Once you find the line with "WMatching Top Sari" in the listing below, set down exactly every line from it through the line with "Playgroup - PREVIOUSLY UNRELEASED BONUS EP", but no pictures.

● **RECORDS FOR THE TASK**
※ ※ ※

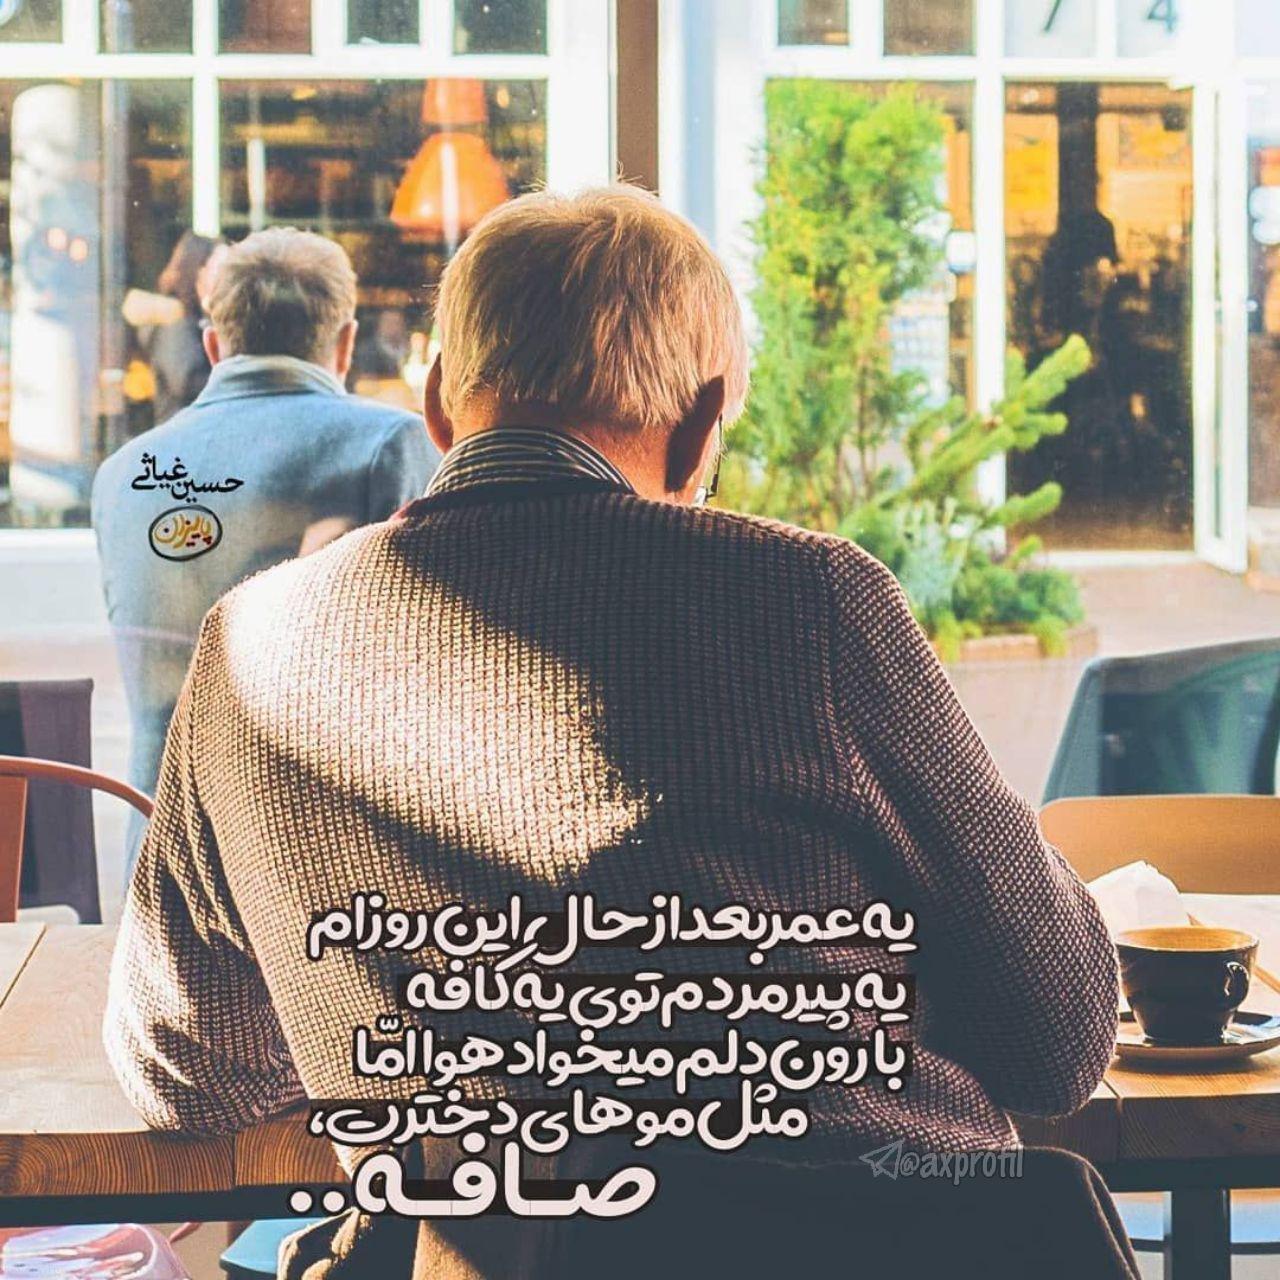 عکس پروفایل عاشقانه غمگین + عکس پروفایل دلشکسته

※ ※ ※

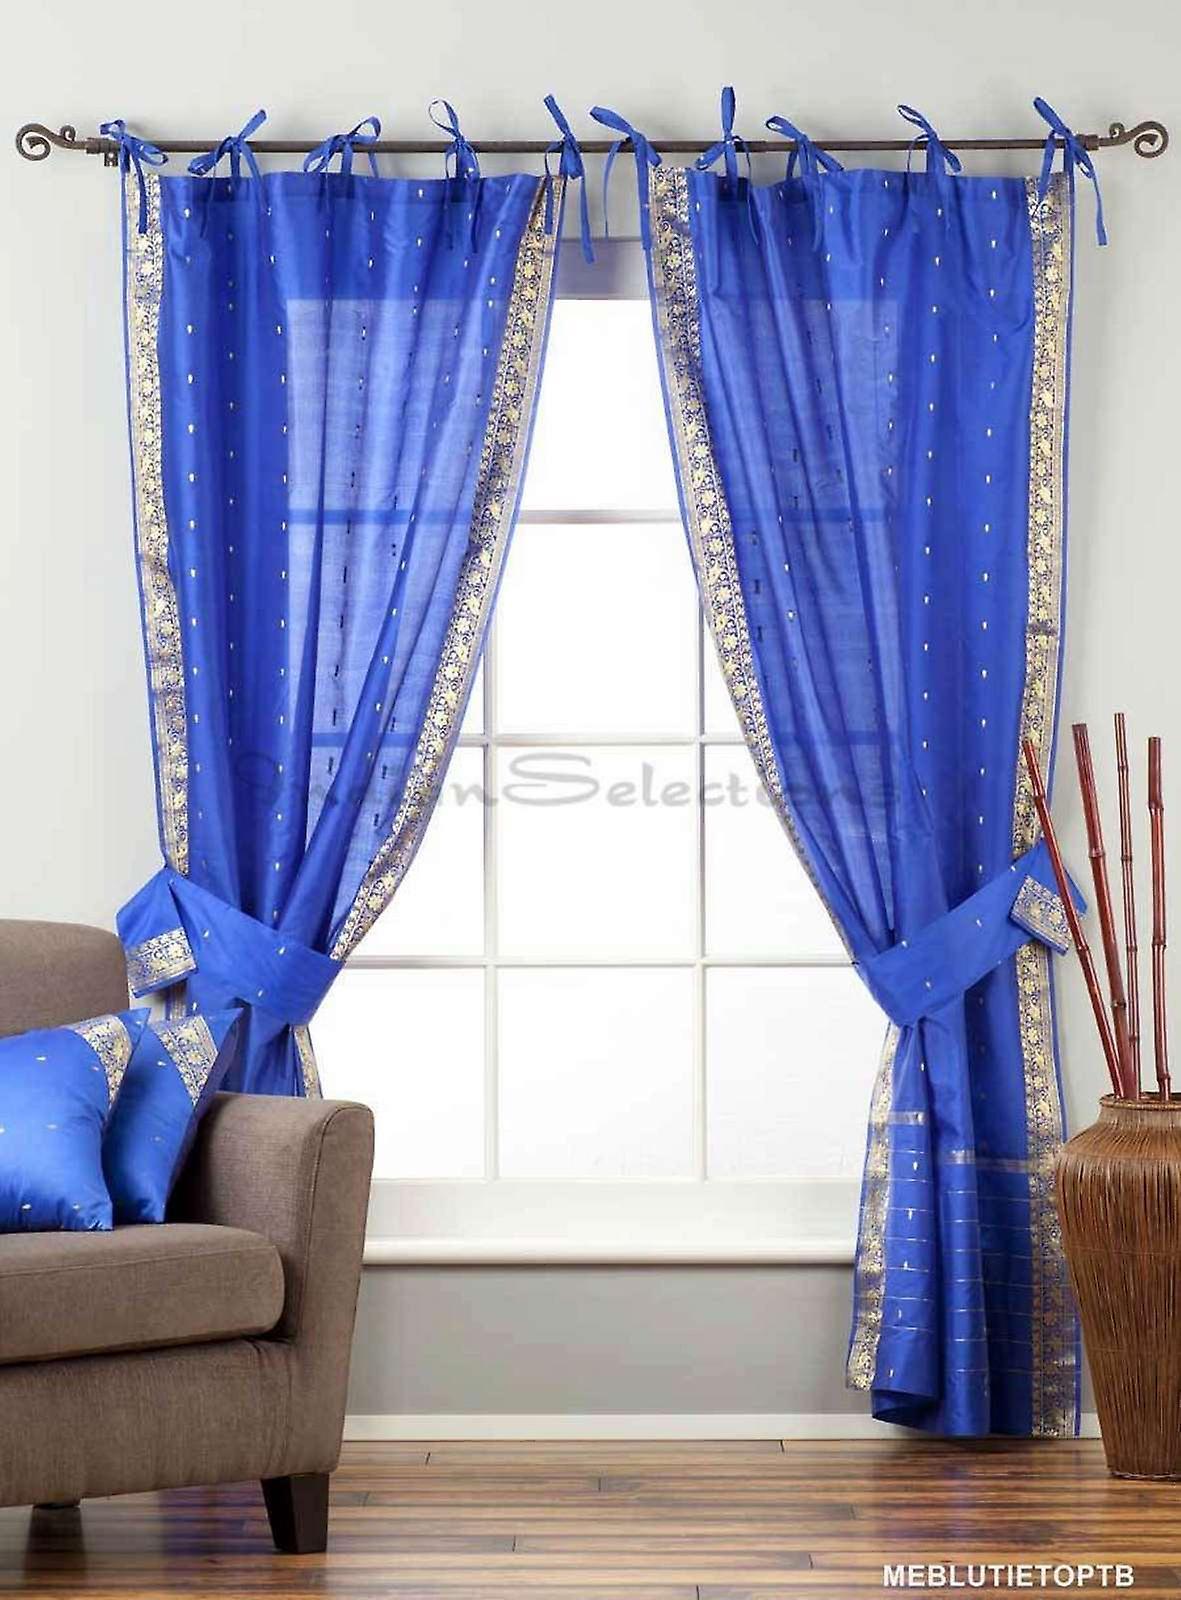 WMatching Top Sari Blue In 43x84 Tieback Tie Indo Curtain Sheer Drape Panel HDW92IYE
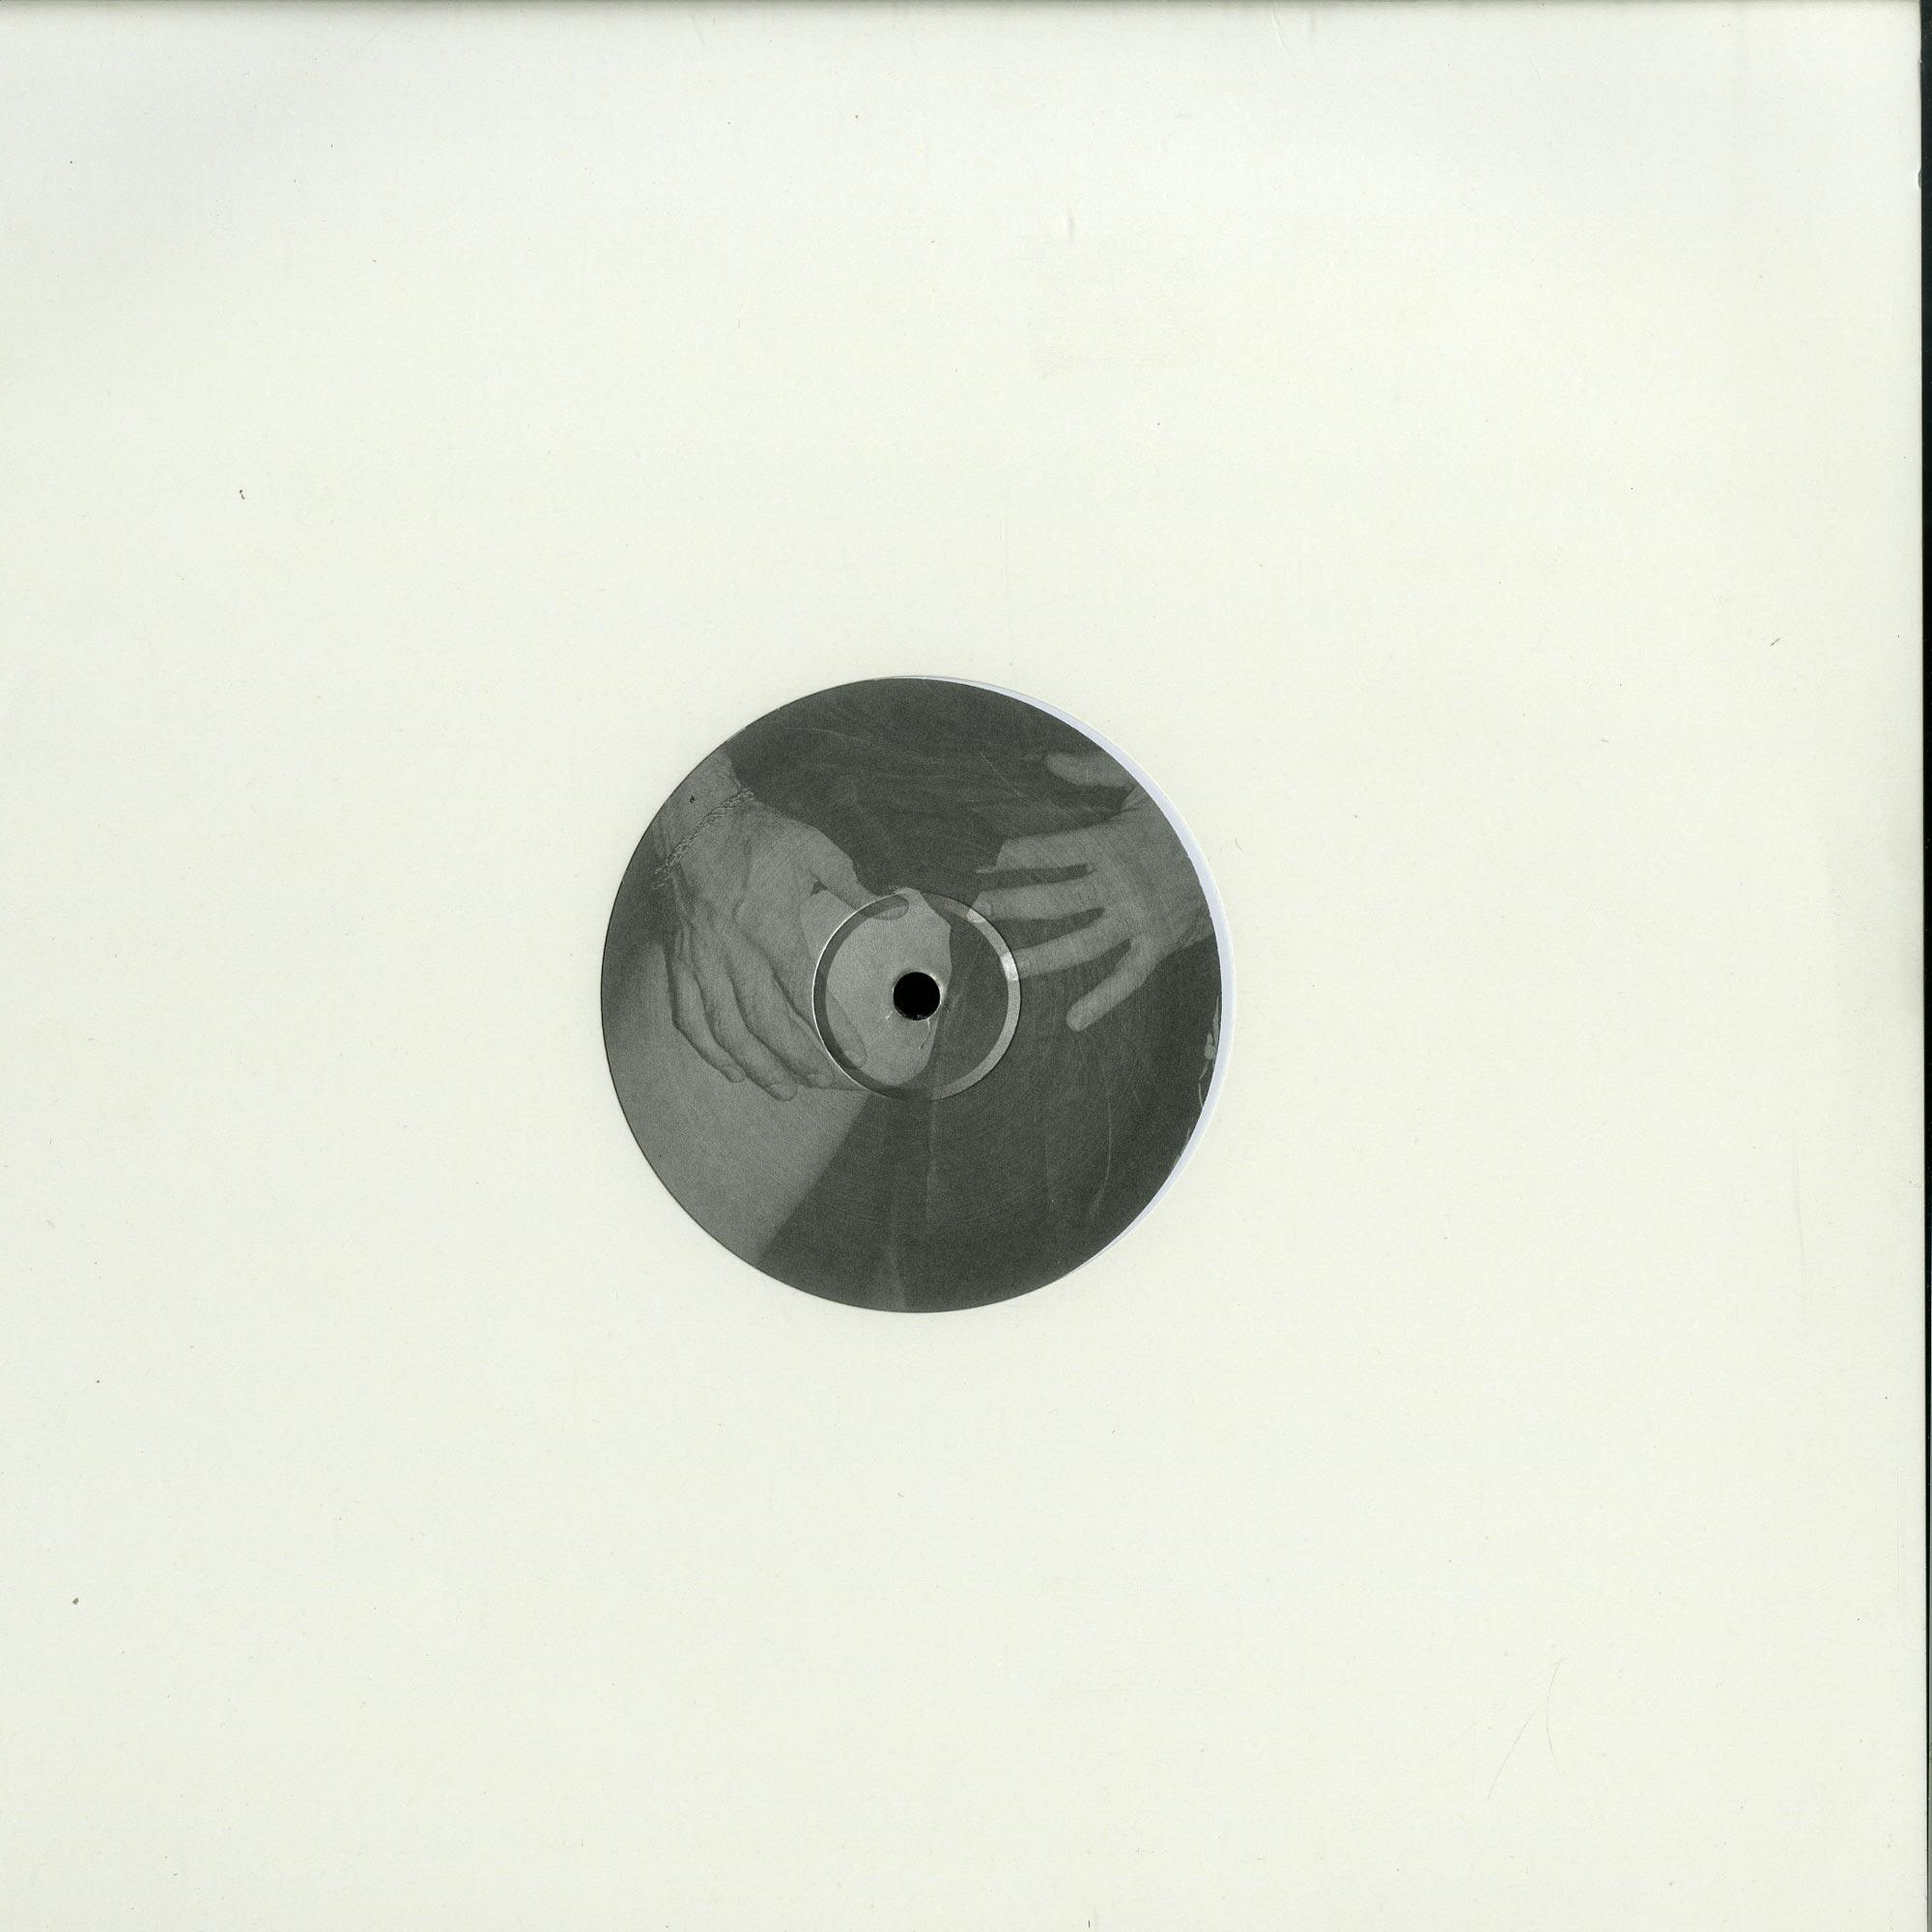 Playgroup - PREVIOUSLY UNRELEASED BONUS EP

※ ※ ※

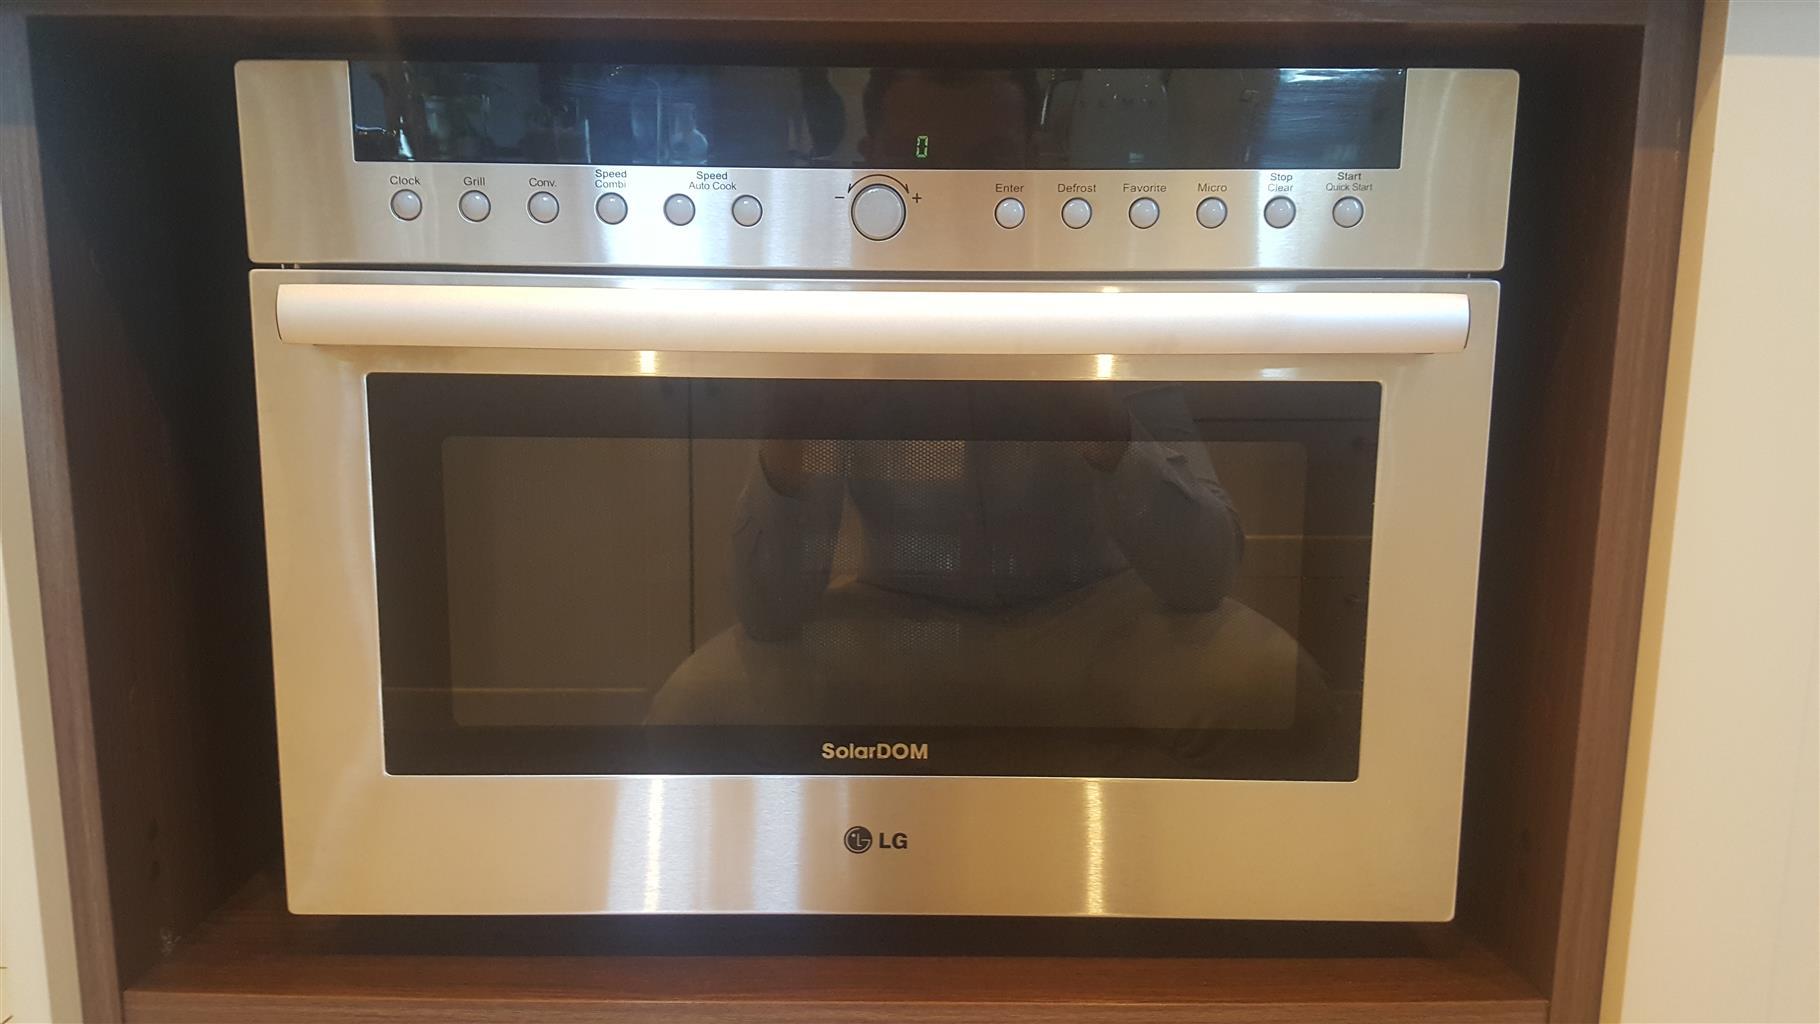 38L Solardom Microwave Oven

※ ※ ※

● **SOLUTION BELOW**
 WMatching Top Sari Blue In 43x84 Tieback Tie Indo Curtain Sheer Drape Panel HDW92IYE
 Playgroup - PREVIOUSLY UNRELEASED BONUS EP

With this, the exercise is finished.